Using Pathena at the MWT2
This is the description of Pathena given on the
DAonPanda
pathena is a glue script to submit user-defined jobs to distributed analysis systems. It provides a consistent user-interface to Athena users. It does the following tasks:
- archives the user's work directory
- sends the archive to Panda
- extracts job configuration from jobOs
- defines jobs automatically
- submits jobs
It is meant to make the transition from using athena on a local node to
using athena on
Panda as transparent as possible.
The pathena script is located in the
PhysicsAnalysis/AnalysisCommon/UserAnalysis/share.
It uses the runAthena script in the same directory to run the jobs on the Panda nodes. It has the following command line
parameters.
- inDS : input dataset
- outDS : output dataset
- split : number of subjobs to use (default=??)
- nfiles : number of files to process (default=all)

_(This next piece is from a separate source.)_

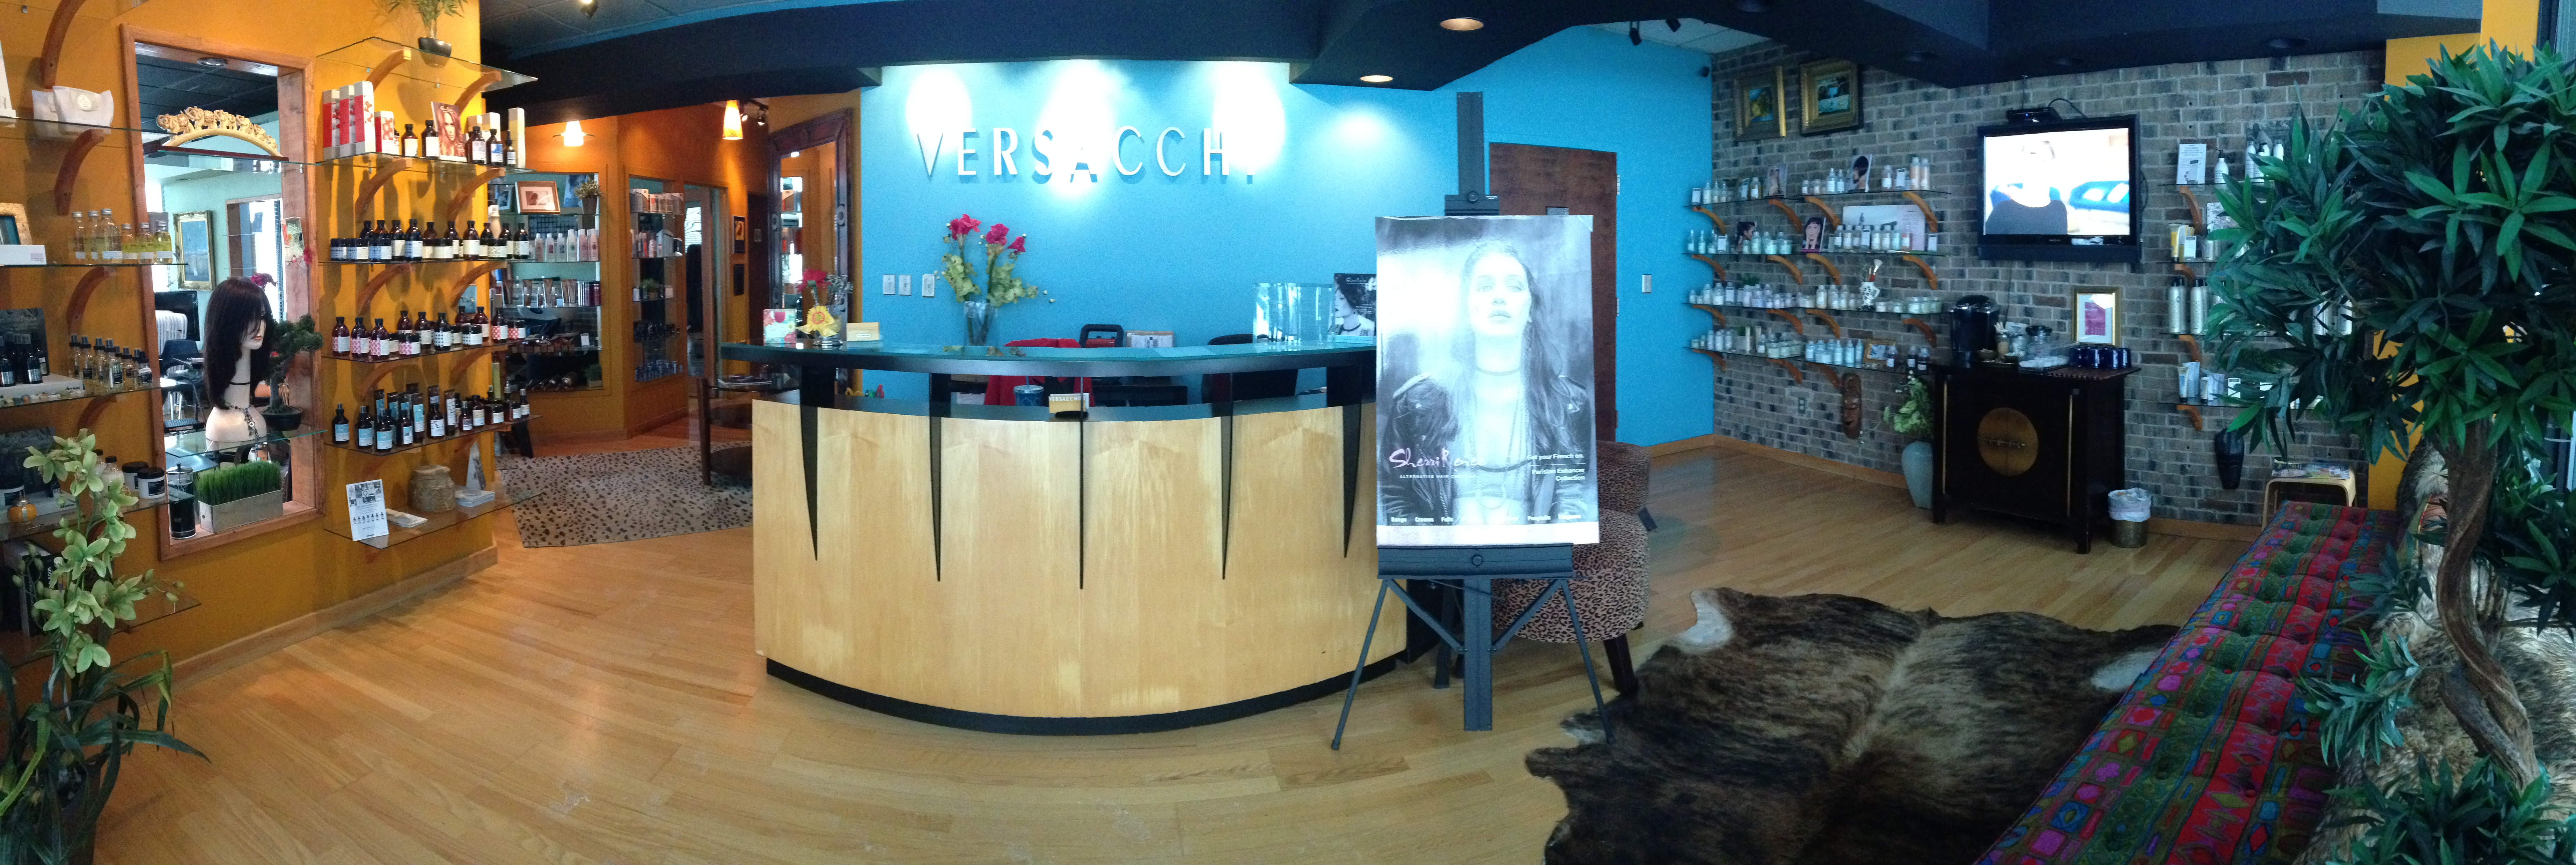 Versacchi Studios, Owings Mills MD

- site : send jobs to a particular site
For the Data Skimming Service based on a TAG selection pathena is a candidate engine for
processing the results of the selection.
Tests
BNL
- Task 1: Try running Pathena in an environment where it is said that it works.
- Status: (Jack) I set up the suggested environment on a BNL acas machine. Generation and simulation examples on the DAonPanda page were run. The generation job worked ok. The simulation job failed on a heartbeat.
- Procedure
1. set up the atlas software for release 12.0.4 at BNL and go to your workarea.

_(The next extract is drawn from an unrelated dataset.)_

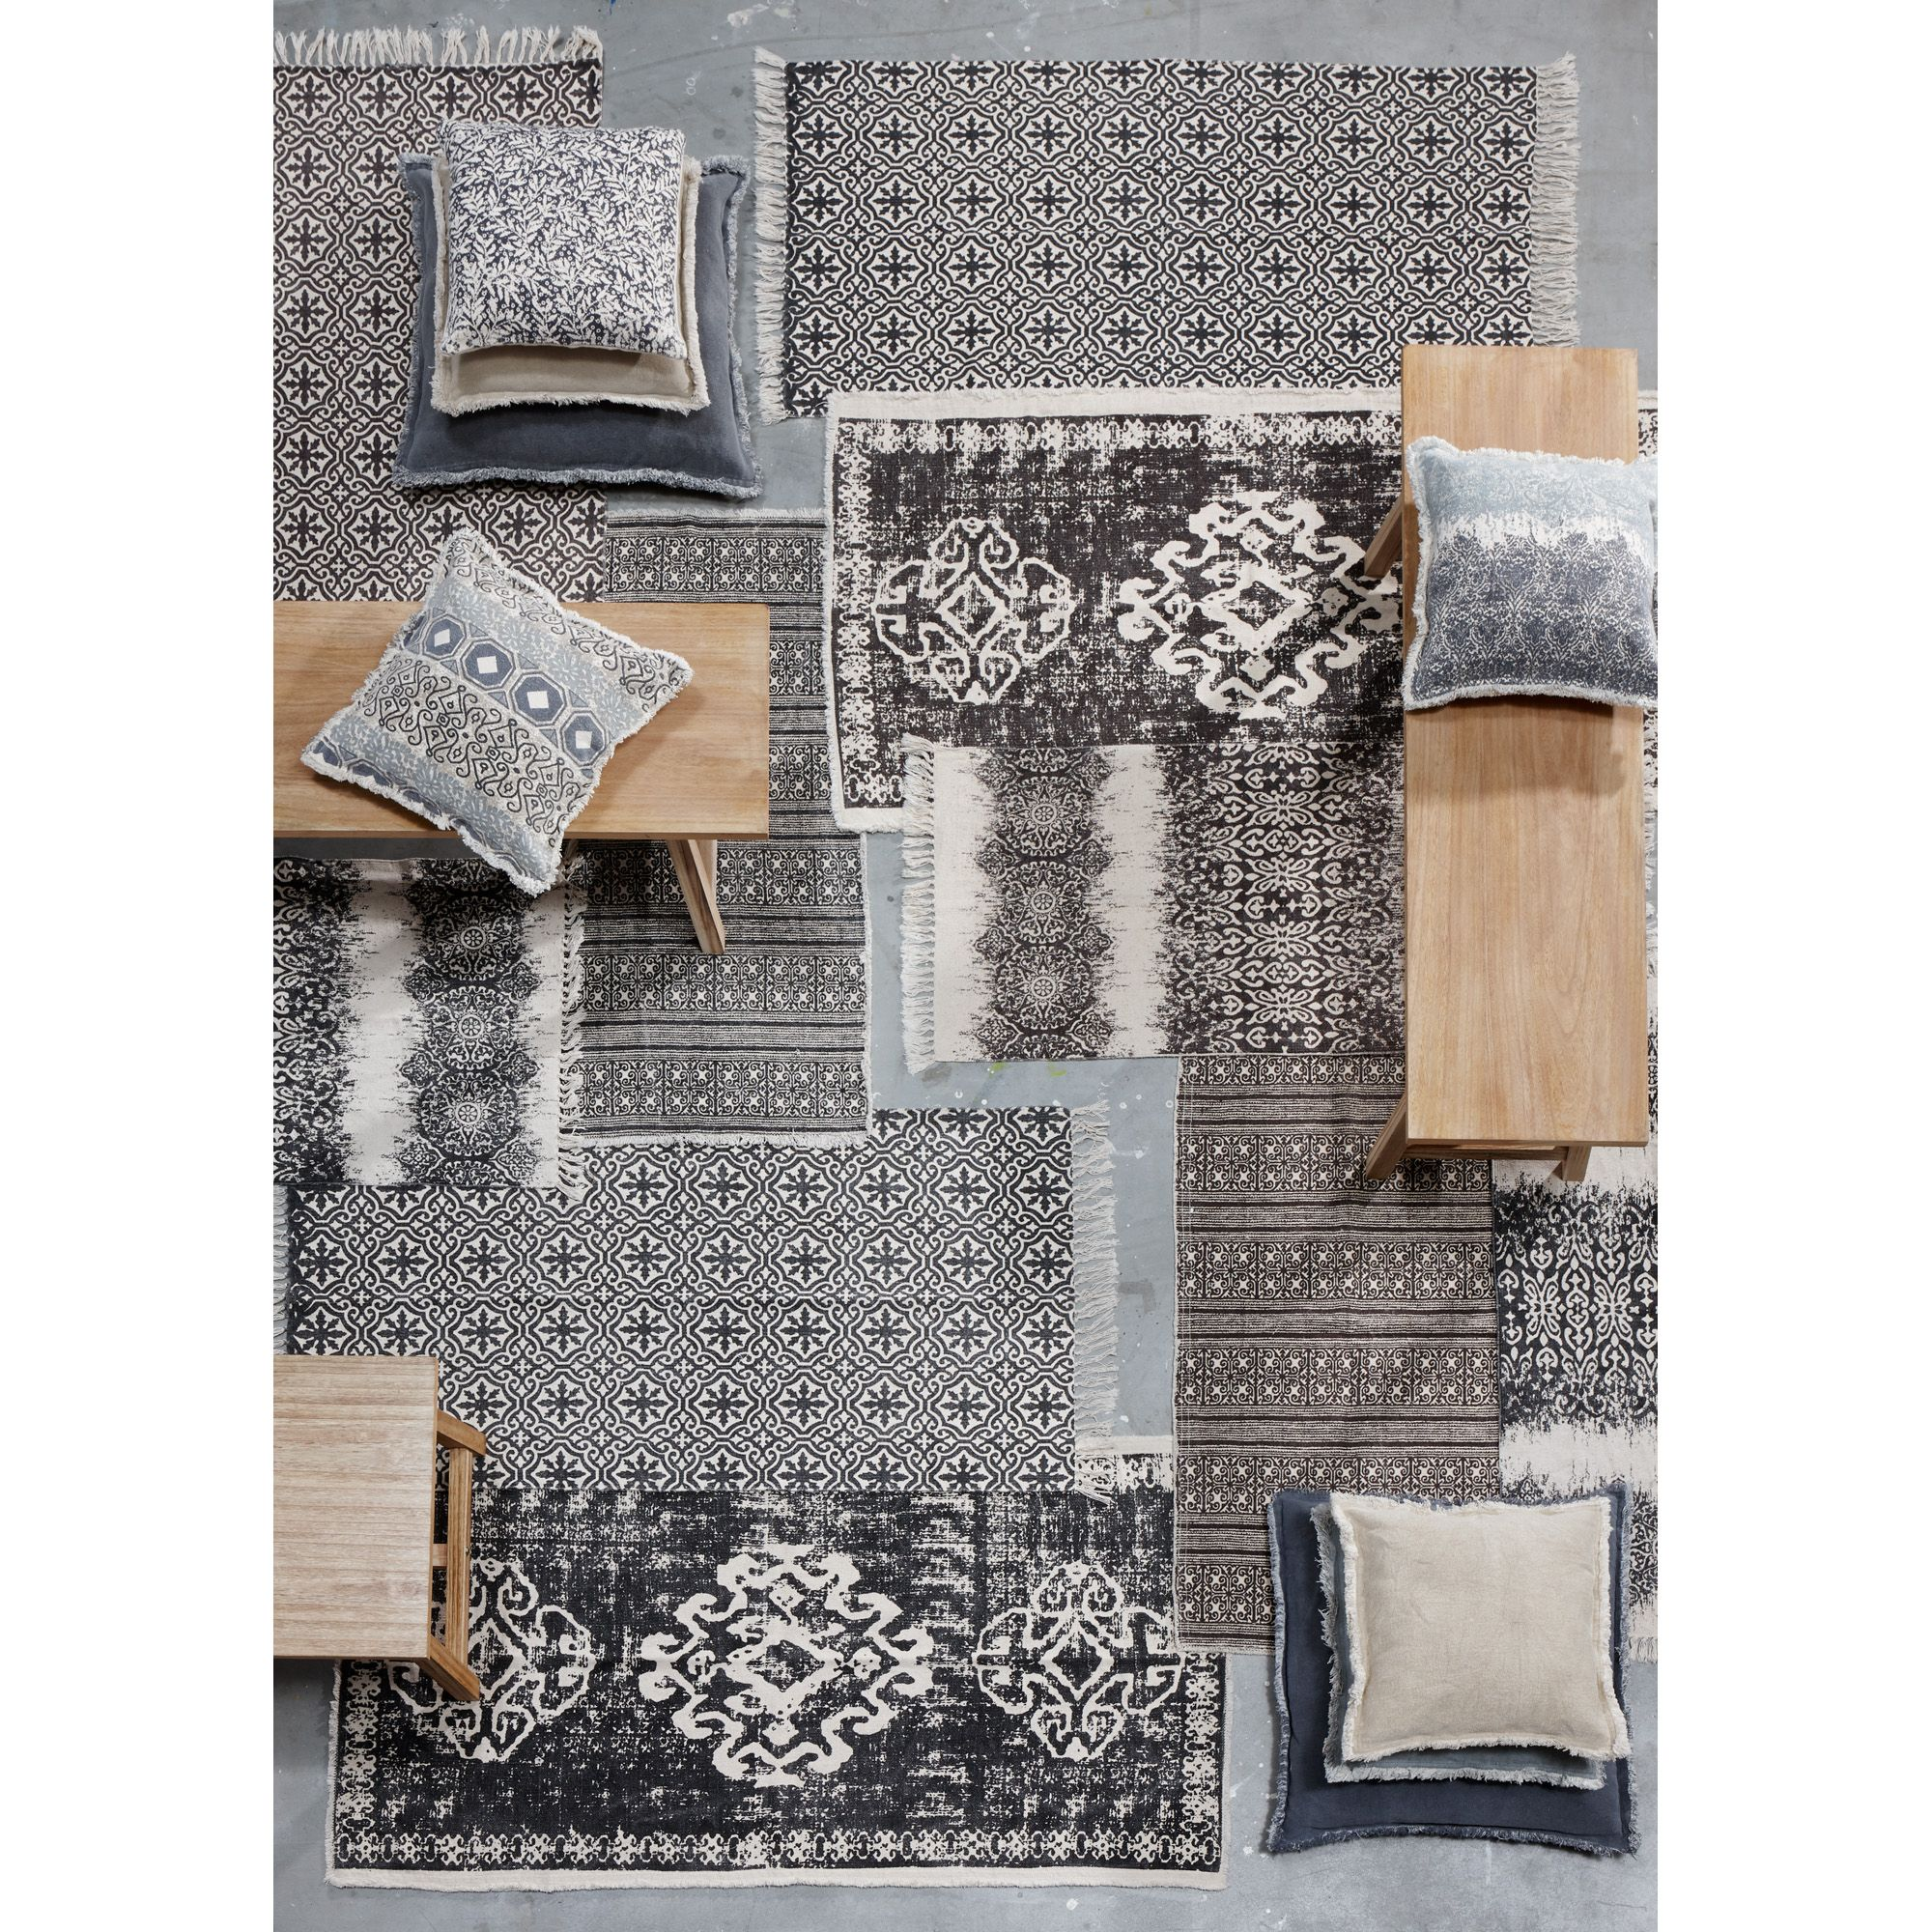 Vloerkleden in de leukste prints! #vloerkleed #woonkamer #interieur ...

- source /afs/usatlas.bnl.gov/scripts/setup_cmt_usatlas.csh 12.0.4 --opt -p AtlasOffline
2. clean up your InstallArea since any packages which show up in your workarea and InstallArea
will be shipped with the job and built on the worker nodes.
3. check out the UserAnalysis package and go to the run directory
4. get the example job options from the web service with wget
5. set up the grid environment (/afs/usatlas.bnl.gov/lcg/lcg-2.7.0/etc/profile.d/grid_env.csh) and
get a grid certificate (grid-proxy-init).
6. source the cmt/setup.csh *Note* that you must do this after the grid certificate because pathena
and grid use different pythons.
7. try _athena jobOptions.pythia.py_ to check that it works
8. now do _pathena -v jobOptions.pythia.py --outDS user.YourName.1.test.evgen.pool.v1_
9. the output to the screen will contain two PandaID's: one for the build and one for the run.
10. use the [[http://gridui02.usatlas.bnl.gov:25880/server/pandamon/query][Panda page]] to monitor
the job by putting the PandaID in the Job field.
- Task 2: Try to run a pathena job on an existing AOD dataset at BNL.
MWT2
- Issue 1: What is involved in doing this on the MWT2 system?
- Status: Here's how to run DAonPanda Example 1.
0. source sourceme.12.sh
1. cd workarea
2. export CMTPATH=`pwd`:${CMTPATH}
3. export PATHENA_GRID_SETUP_SH=/local/inst/pjs/setup.sh
(4. export CVSROOT=:ext:atlas-sw.cern.ch:/atlascvs)
(5. export CVS_RSH=ssh)
(6. cmt co cmt co PhysicsAnalysis/DistributedAnalysis/PandaTools)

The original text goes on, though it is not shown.